The HPLC method is adopted in the research to establish the fingerprint of the teabag, and the similarity evaluation and the principal component analysis are carried out to screen out the conditions causing the difference of the teabag components in different batches, and the standard fingerprint is formed, so that the quality control of the teabag is realized.
Drawings
FIG. 1 chromatogram of mobile phase 1
FIG. 2 chromatogram of mobile phase 2
FIG. 3 chromatogram of mobile phase 3
FIG. 4 chromatogram without acid addition
FIG. 5 chromatogram of 0.2% glacial acetic acid
FIG. 6 chromatogram of 0.4% glacial acetic acid
FIG. 7 chromatogram at 325nm wavelength
FIG. 8 chromatogram at 252nm wavelength
FIG. 9 chromatogram at 230nm wavelength
FIG. 10 S1-S10 sample chromatography overlay
FIG. 11 HPCL of teabag superimposed a multipoint correction pattern and a control pattern (R)
FIG. 12 HPLC standard fingerprint of teabag, 9. Chlorogenic acid, 13. Glycyrrhizin, 16. Quercetin, 21. Chrysophanol
Detailed Description
In order that those skilled in the art will better understand the present invention, a technical solution in the embodiments of the present invention will be clearly and completely described below with reference to the accompanying drawings in which it is apparent that the described embodiments are only some embodiments of the present invention, not all embodiments. All other embodiments, which can be made by those skilled in the art based on the embodiments of the present invention without making any inventive effort, shall fall within the scope of the present invention.
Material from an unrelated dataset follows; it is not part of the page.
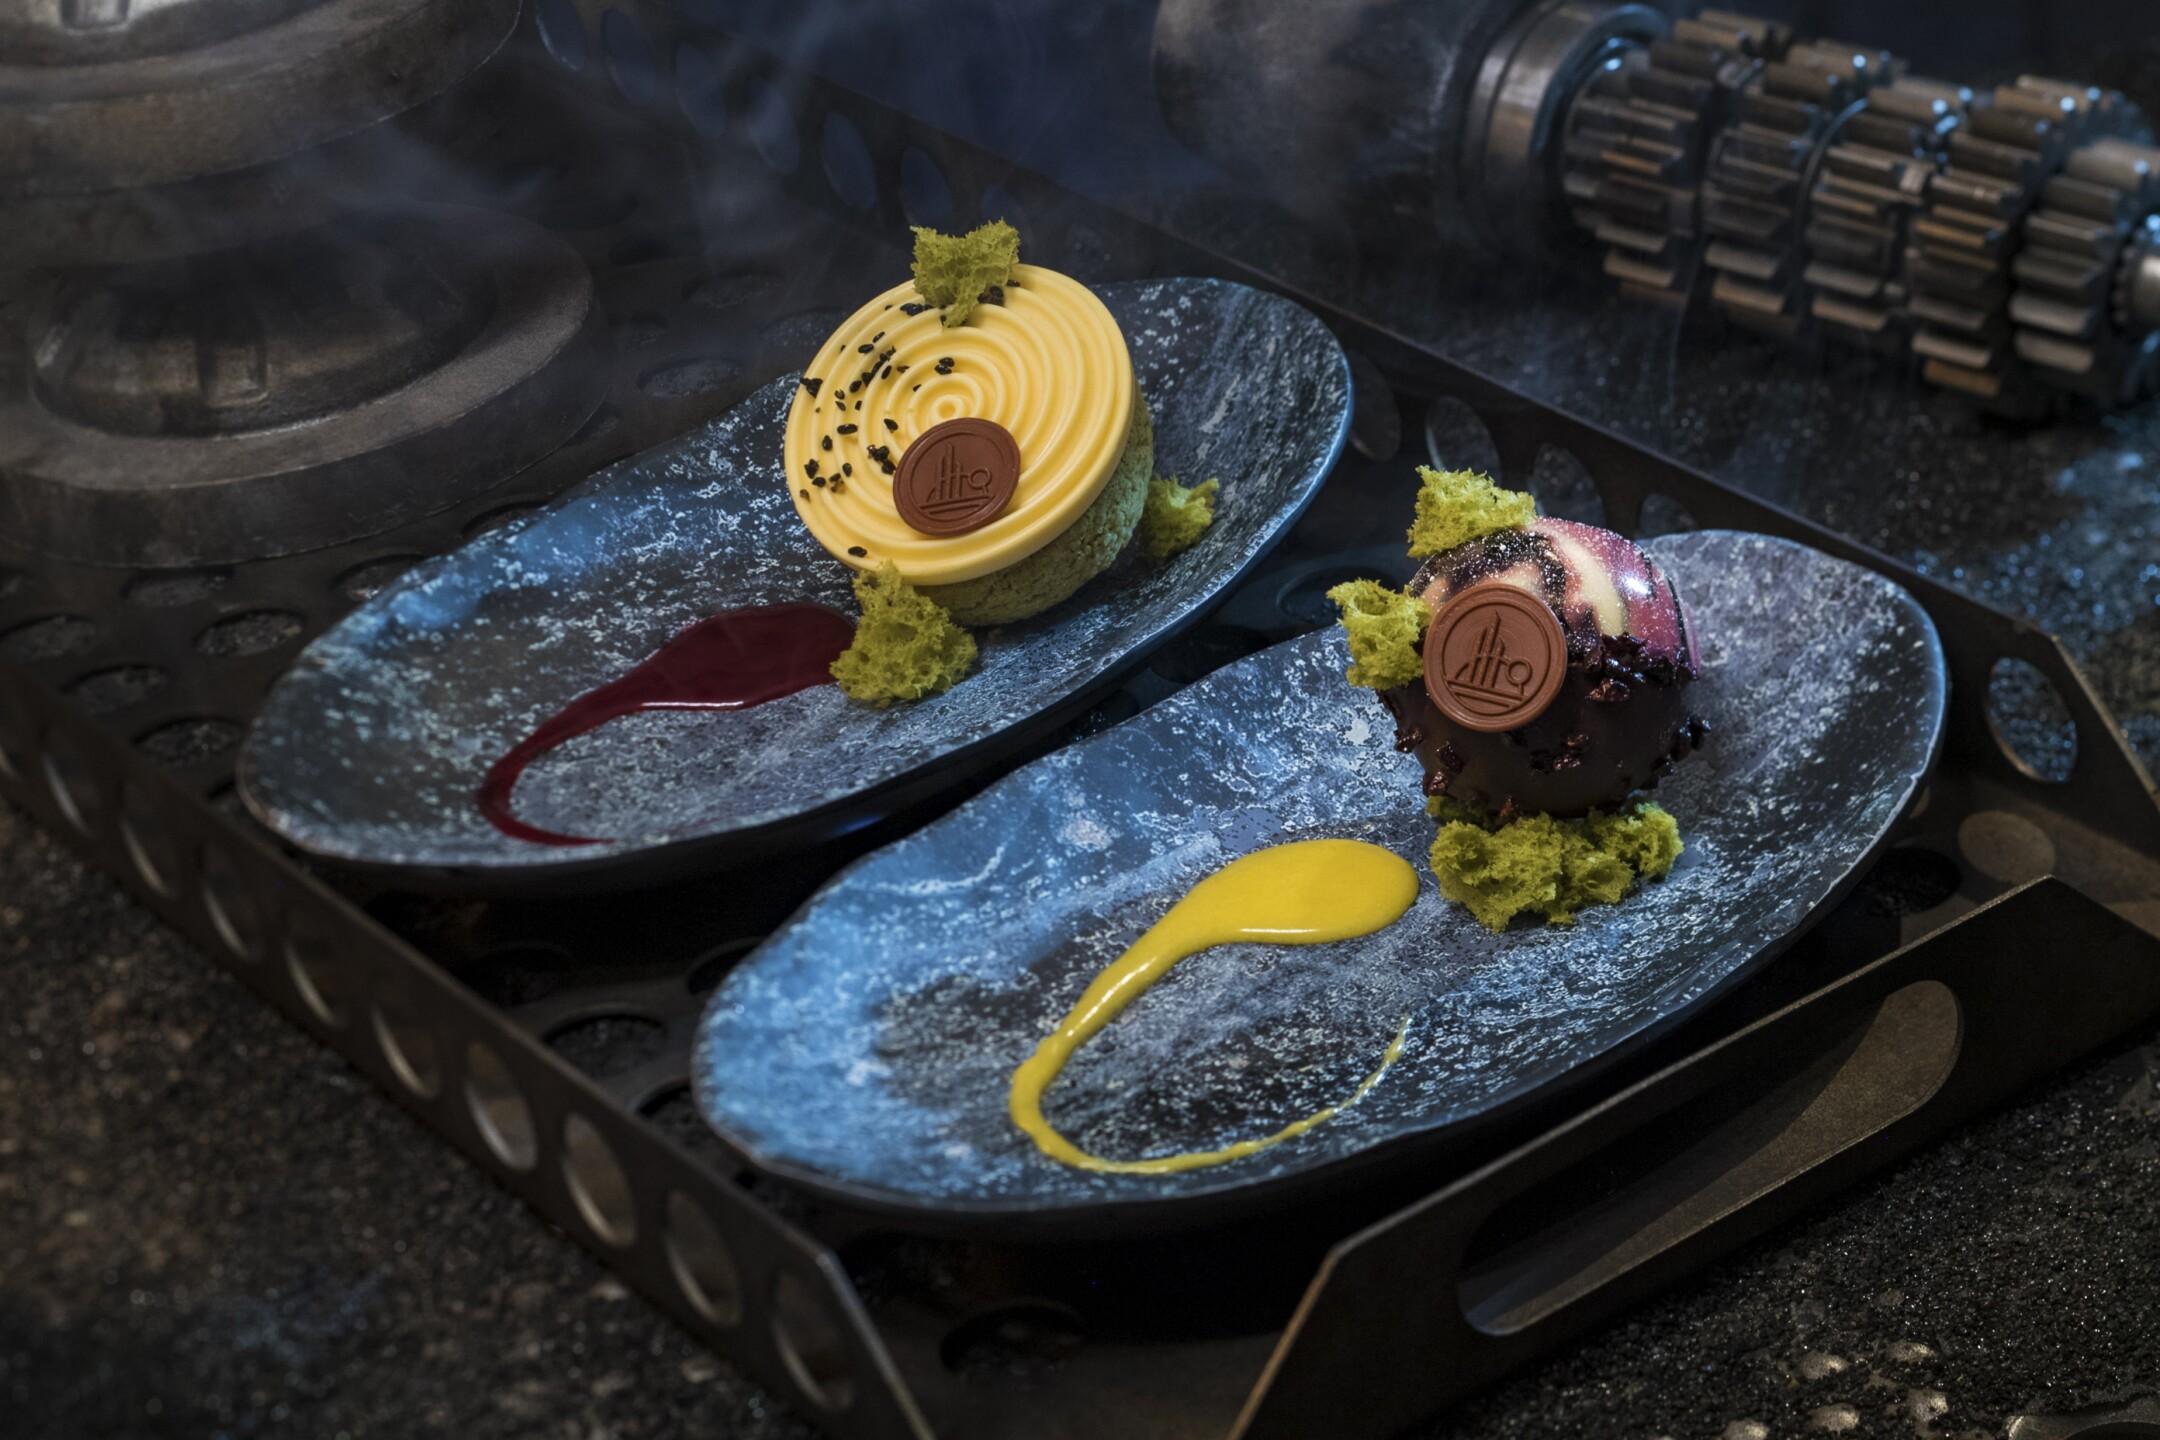 Star Wars: Galaxy's Edge - Docking Bay 7 Food and Cargo Desserts

It should be noted that the terms "first," "second," and the like in the description and the claims of the present invention and the above figures are used for distinguishing between similar objects and not necessarily for describing a particular sequential or chronological order. It is to be understood that the data so used may be interchanged where appropriate such that the embodiments of the invention described herein may be implemented in sequences other than those illustrated or otherwise described herein. Furthermore, the terms "comprises," "comprising," and "having," and any variations thereof, are intended to cover a non-exclusive inclusion, such that a process, method, system, article, or apparatus that comprises a list of steps or elements is not necessarily limited to those steps or elements expressly listed but may include other steps or elements not expressly listed or inherent to such process, method, article, or apparatus.
Example 1
Prescription: 200g of liquorice, 200g of platycodon grandiflorum, 200g of Chinese olive
300g of peppermint, 700g of black tea and 100g of dark plum
The preparation process comprises the following steps:
weighing 200g of liquorice, green fruits and platycodon grandiflorum respectively, 100g of dark plum, 300g of peppermint and 700g of black tea. Mixing the weighed Glycyrrhrizae radix, fructus Canarii albi, radix Platycodi, herba Menthae and black tea uniformly, pulverizing together, reserving coarse powder with 10-20 mesh sieve for use, decocting the rest powder and mume fructus together with 6-8 times of water for 3 times and half an hour each time, mixing the decoctions, concentrating to appropriate volume of medicinal liquid with density of 1.15, pouring the medicinal liquid into the coarse powder, stirring uniformly, soaking overnight, drying in oven at 60deg.C, spraying 75% alcohol on tea surface, and drying in oven.
Example 2
Pharmacological tests prove that the product has obvious inhibition effect on acute exudative inflammation and chronic proliferative inflammation of mice and rats under the treatment dosage.
Test materials
GJ-01 teabag (prepared in example 1) contains crude drug 2.3g/g, and soaking in boiled water to obtain 8.33% and 16.67% leaching solution (0.2 g/ml and 0.4 g/ml). Compound Scutellariae radix tablet (Zhaoqing star lake pharmaceutical Co., ltd., batch No. 202008) is formulated into 0.1 tablet/ml suspension. Animals, kunming mice, chengdu Biotechnology Co., ltd, qualification number SCXK 2018-0008.
Method and results:
(one) acute anti-inflammatory test
1. The ear swelling method of mice is that the body weight of the female Kunming mice is 18-22 g, the mice are randomly divided into 4 groups, a normal control group, a GJ-01 teabag high-dose group, a low-dose group and a compound baical skullcap root tablet buccal tablet group. The stomach was filled with 0.2ml/L0g.2 times, 18h after the first administration, 30min after the 2 nd administration, animals were sacrificed 30min after molding with 50. Mu.L of xylene per right ear of the mice, left and right ears were removed with a stainless steel punch with a diameter of 8mm, and the swelling ratio was calculated. The results are shown in Table 1
TABLE 1 influence of GJ-01 teabag on swelling of mouse ear
(II) chronic anti-inflammatory test
1. The effect on chronic granuloma of mice caused by agar is that Kunming sex mice, weight of 18-22 g, are subcutaneously injected with 0.2 ml/piece of 0.2% agar at back, and then are randomly divided into 4 groups, which are the same as above. Granuloma was taken and weighed on day 11 for 10 days with 0.2ml/10g of ig administration, and the results are shown in Table 2.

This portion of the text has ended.